『とらいあんぐるがみてる』



第7話 「写真部の企み?」






「すいません、ちょっと宜しいでしょうか」

扉を開け、そう切り出したのは写真部の蔦子だった。
祐巳は蔦子の姿を見ると、声を上げる。

「あ、蔦子さん」

蔦子は祐巳に向って一度視線を投げると、全員を見渡して挨拶をする。

「皆さん、ごきげんよう」

蔦子の挨拶に全員が答え終わると、志摩子が開いている席を進める。
そこに腰掛ける蔦子を見ながら、祐巳が不思議そうに尋ねる。

「蔦子さん、お昼は現像してるんじゃ」

「昨日のうちに少しやってたからね。尤も、昼は昼でさっきまでやってたけど」

蔦子はそう言いつつ、何枚かの写真を取り出す。
それを手に持ちつつ、蔦子は山百合会、特に薔薇さま三人に向って言う。

「今日はこの写真の展示公開の許可を頂こうかと思いまして…」

蔦子はそう言って、手にした写真を振る。
それを眺めながら、蓉子が口を開く。

「わざわざ私たちに言いに来たという事は、その写真に写っているのが私たちのうちの誰かって事よね。
 もしくは、全員か」

「ええ、そうですね。で、ご返事の方は?」

「まだ何とも言えないわね。
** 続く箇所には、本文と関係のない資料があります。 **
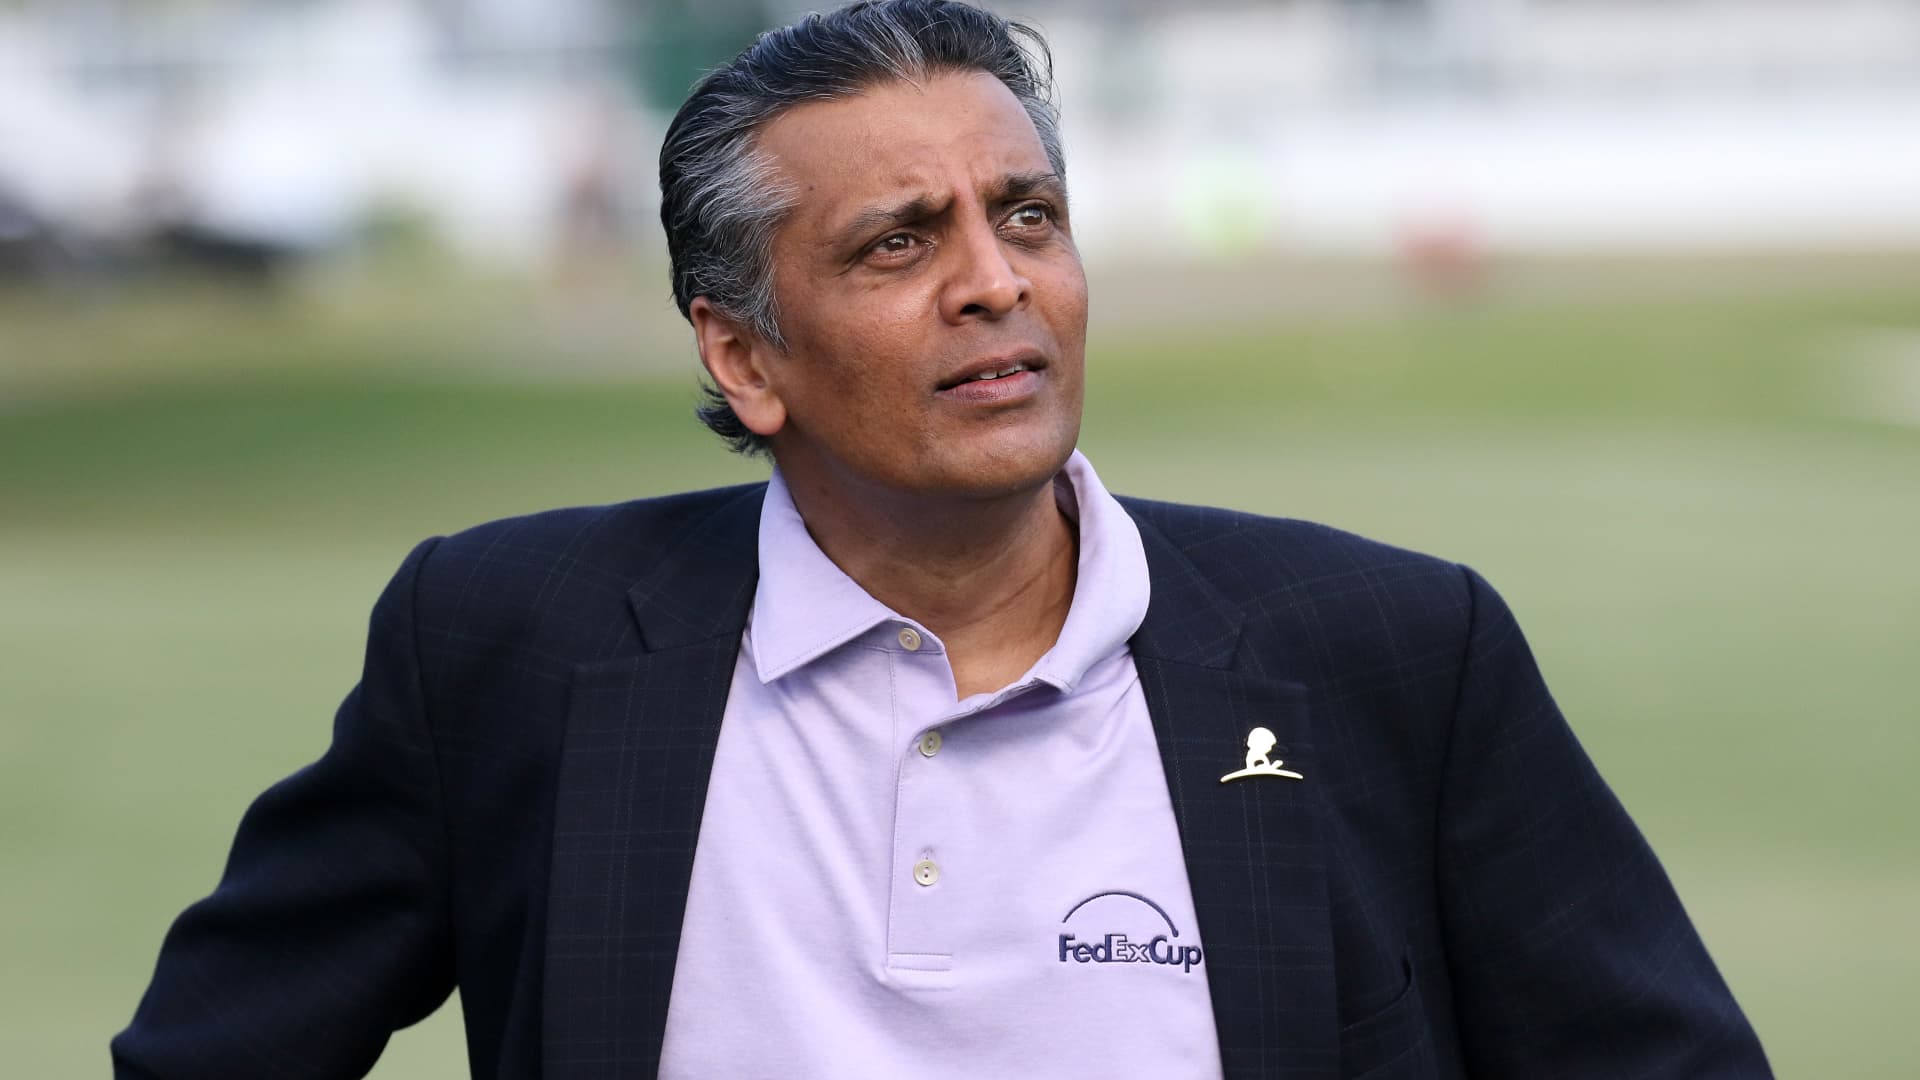 FedEx names Raj Subramaniam as CEO, replacing founder Fred Smith - CNBC

だって、その写真を見せてもらってないんだもん」

蓉子は優雅に微笑みながら、蔦子に言う。
それを受け、蔦子はそうでしたと呟くと、その写真を蓉子へと手渡す。
蔦子から受け取った写真を眺める蓉子の口から、感嘆の声が上がる。

「これは、蔦子さんの腕もさることながら、被写体が良いわね」

「ええ、そうなんですよ。被写体あってこその写真ですね」

「謙遜を。確かに被写体もだけど、蔦子さんの腕があってこそでしょうね」

「それはありがとうございます」

そんなやり取りを見つつ、気になった聖と江利子が横から覗き込む。

「へー、これはこれは」

「本当に綺麗に撮れてるわね」

聖と江利子の言葉に、蔦子は益々嬉しそうな顔を見せる。

「もう今年最高の出来と言っても過言ではないですよ」

蔦子の言葉に、祐巳は内心で、

(蔦子さん、まだ今年に入って一ヶ月しか経ってないよ)

と突っ込んでいたが、そんな事に気付かず、いや、気付いていたのかも知れないが、敢えて触れずに話を進める。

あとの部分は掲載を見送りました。